One little change worth noting first is that anyone running a website must consider that obtaining cookie consent has to be much clearer from 2020 onwards, and your company may be required to demonstrate how consent was granted. It won’t be enough to put a strapline saying this site uses cookies, and by browsing it, you give consent – box clicking will be mandatory.
Whether we leave the EU regulatory orbit or not, it would seem likely that the UK will rubber stamp that strengthening of cookie consent, so you may as well take it as read if refreshing your website this year.
Now, onto ePR, which covers all electronic comms between consumer and company; text, emails, message apps, websites, phone calls, Alexa chats – even faxes! Yes, for those still using old school loo roll fax paper, these new rules apply. In a nutshell ePR regs mean that the end user, Joe Public, has ultimate control, and consent, over the use of their data. Texts, emails, messages on social media, plus forms online, app data etc – all covered.
The tricky bit for insurers is that ePR rules don’t allow third party companies to automatically grab that customer data, or interfere with it in any way. So if you have a breakdown, repair, loss adjustment or legal partner, you may have to consider ways to frame the third party authorisation of data use in say a case where a customer suffered a breakdown and wanted the FNOL company to have access to their records, plus a garage authorised to do repairs perhaps.
Whether gaining consent for that sharing at the point of policy inception will hold up to scrutiny by the ICO or other regulators, is a moot point. It will depend on careful wording. It is well worth spending time researching best practice when it comes to this issue of sharing data with third parties because just as with GDPR, your company can be fined 4 percent of its global annual turnover for breaches.
Will The EU Take Action? You Bet
If you look at the recent action against Booking.comyou can see that the EU will take action against companies that use data from browsers to manipulate, or game, their offers.
Things like applying time pressure – `only 3 rooms left’ – for example, or hiding sponsorship information when it comes to ranking hotels or deals, are practices which the EU takes a dim view of, so they have to stop on all travel websites. Booking.com is just the test case if you like.
This has a direct correlation with insurance comparison websites of course, so everyone needs to think about how the goldmine of data personalisation – delivering bespoke offers for loyal consumers – balances with rules on privacy and gaming the offers displayed online, given a user’s search history. It won’t be a valid defence for insurance comparison sites to put their sponsored, or favoured, partner insurer’s deals at the top of the page anymore – at least not withot identifying such offers as being clearly sponsored content.

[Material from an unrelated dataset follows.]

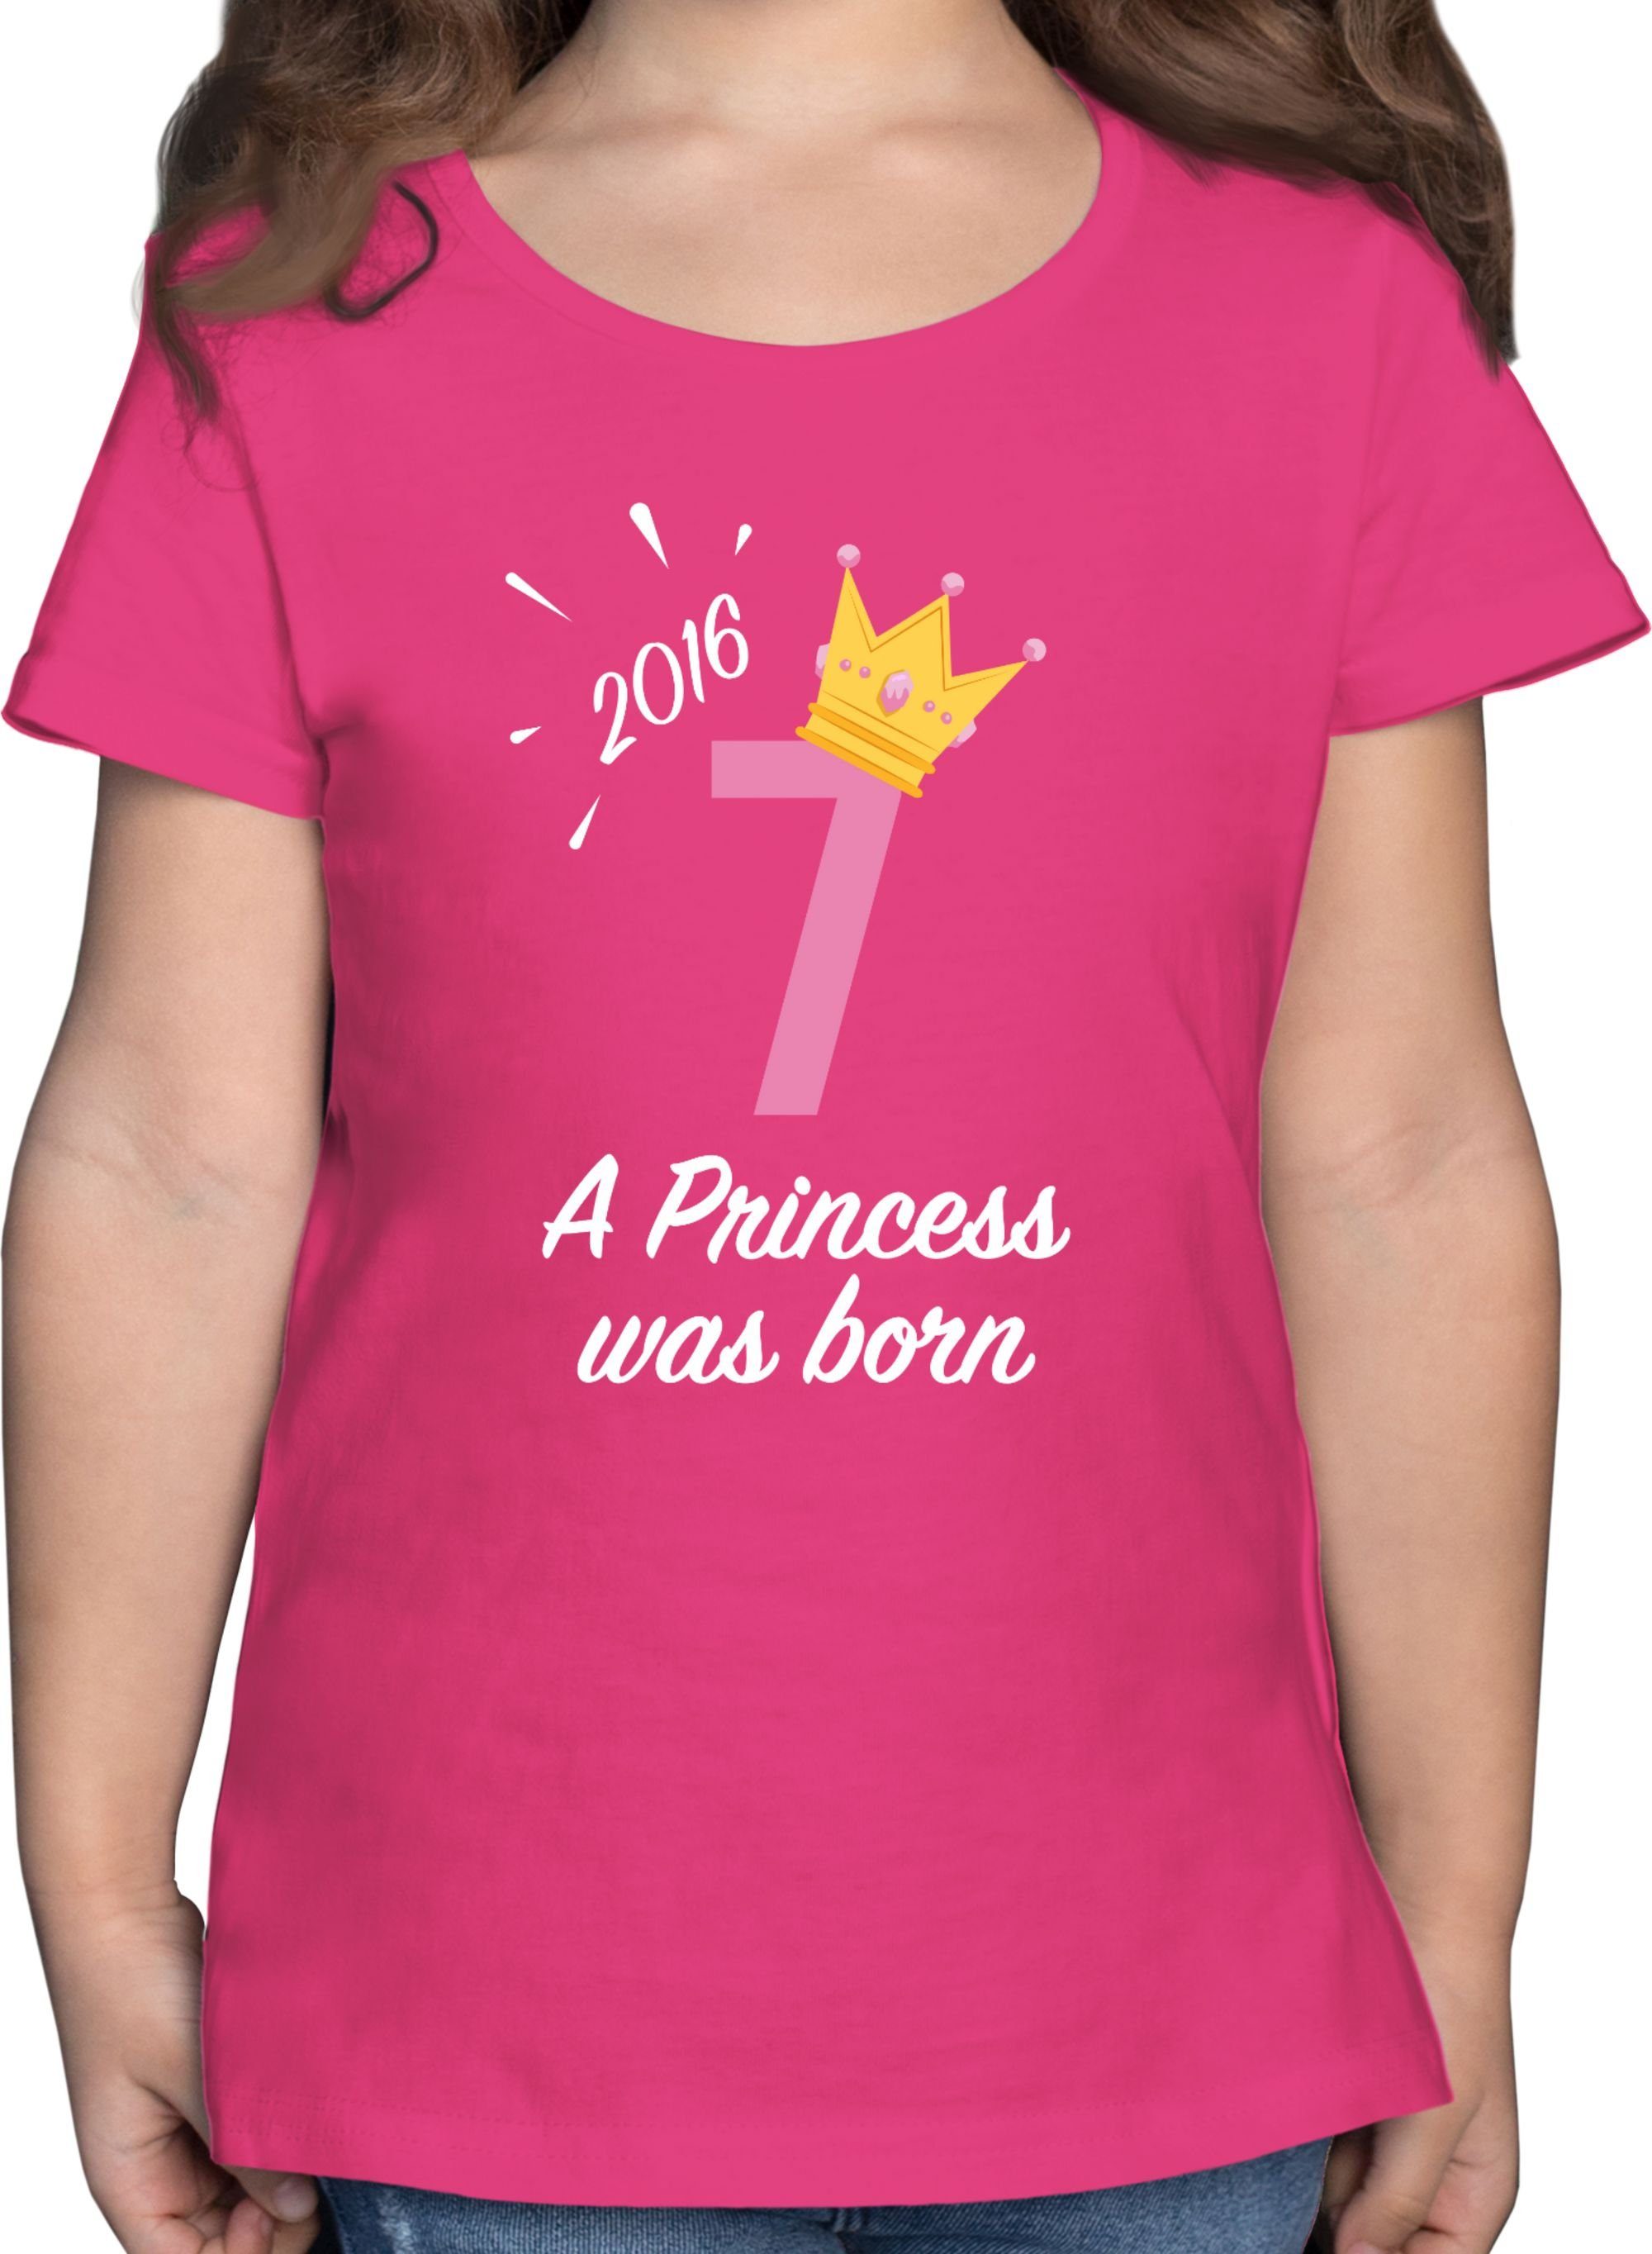 Shirtracer T-Shirt Siebter Mädchen Princess 2016 7. Geburtstag 1 Fuchsia

This trend towards tougher regulation on data isn’t just an EU thing. As the US state of California also aims to introduce stricter data privacy rules in 2020, this will a tough year for everyine selling insurance online because everything will need to be compliant, and where Clifornia goes, other States may well follow.
The US is a highly competitive market but the way ahead, in both the EU and USA, is likely to be based on a relationship of consent, genuine privacy and trust. Those consumers who feel that they can truly trust insurers and brokers with their valuable data will be in the driving seat from now on, so insurance companies need to be aware that the balance of power has shifted.